Here's Winnie!

19 Oct 2011dogs
Winnie

Winnie is a dog, probably half beagle, half something else. She lives with us now, but her life wasn’t always wall-to-wall belly rubs, salmon for breakfast and as much love as she can stand. We adopted her from the animal shelter where we work as volunteers on September 4, and for 3-4 months before that, she’d been cowering at the back of her cage, frightened even to show her little nose to the people outside.

We think Winnie was raised as a hunting dog, locked up in a kennel with other dogs and no humans to bond with, since she has a bad case of kennel syndrome: she’s scared of more or less everything except other dogs, and now, us. Loud or just sudden noises, cars, bikes, trams, other people, big boxes (no idea why), and so on. All send her into a panic. We think that she probably wasn’t aggressive and confident enough to satisfy the assholes who had her before, so they abandoned her.

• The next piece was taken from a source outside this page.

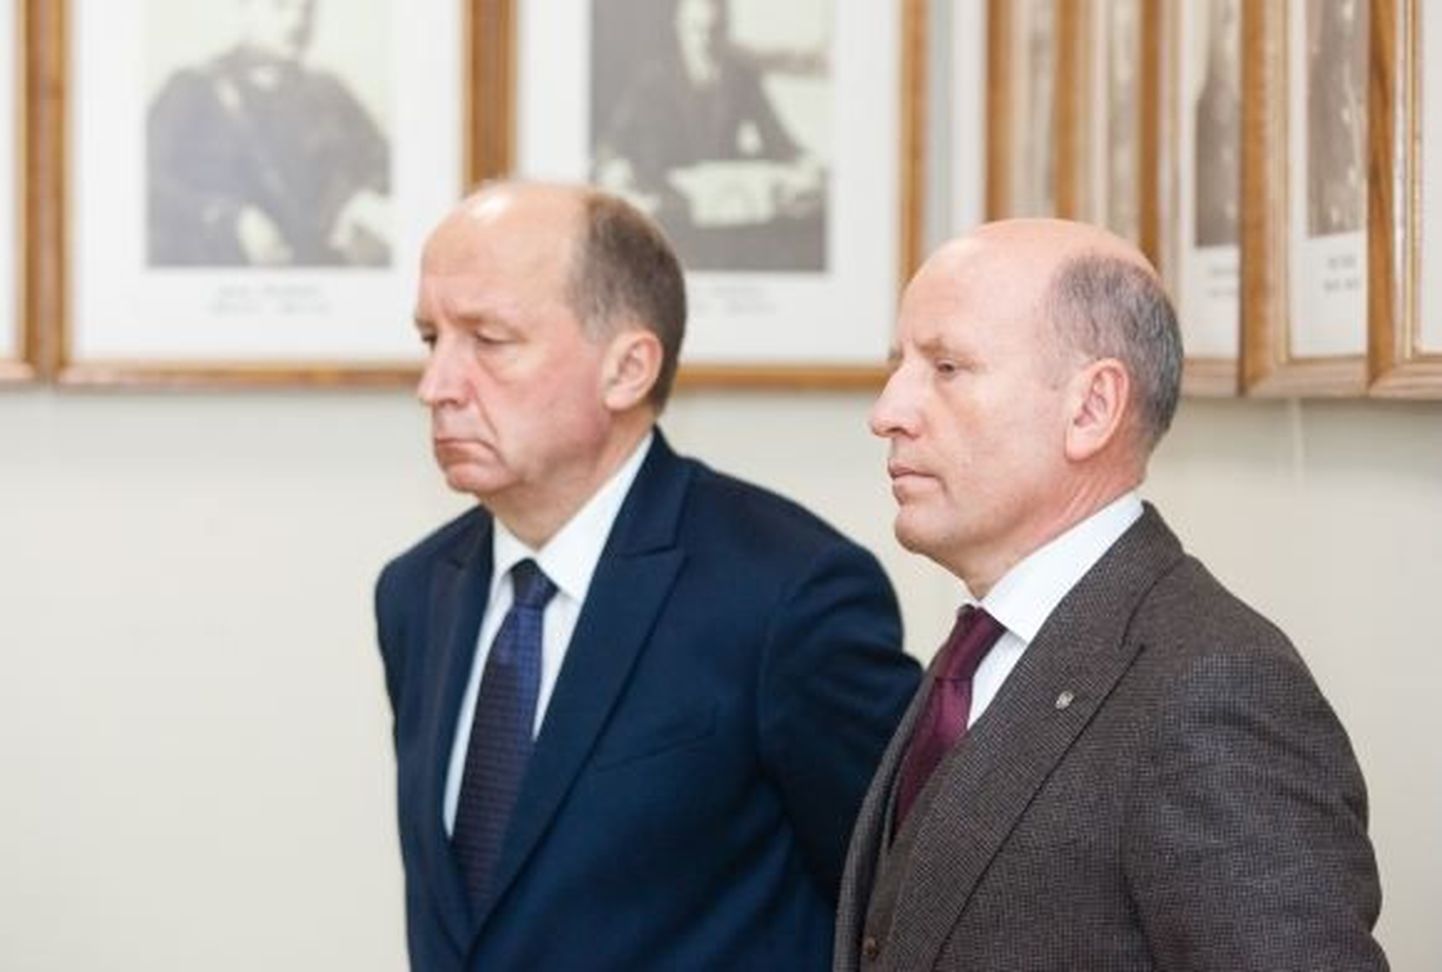 Leedu peaminister Andrius Kubilius (vasakul) ja Raimundas Palaitis, kelle Kubilius otsustas siseministri ametist tagandada.

To add injury to insult, when she was abandoned, her previous “family” decided that, in order to avoid any chance of being identified as the owners of a stray dog, they would remove Winnie’s ID tattoo. The tattoo was on her ear. So they cut it off. She was found wandering in the village of one of the other volunteers, covered in ticks, with an oozing fresh wound where her ear used to be. It’s all healed up now, and she just looks kind of funny, like she’s continually cocking her head to one side as if to say “Who? Me?”.

Anyway, Winnie is a little cutie, and adopting her has made our lives much richer, if rather dirtier and less well rested. She loves nothing better than running through the dewy meadow in the local park in the mornings, and it’s even better if there’s another crazy dog to chase. She sleeps on our bed, howls at the old lady who feeds the pigeons next to the dog park, loves kisses and crazy play, and is just starting to realise that not everything in the world of humans leads to pain and unpleasantness. She’s even learning that it can be fun to do what the funny two-leggers she lives with ask her to do.

If you ever feel the need for a dog in your life, head to your local shelter. You won’t regret it.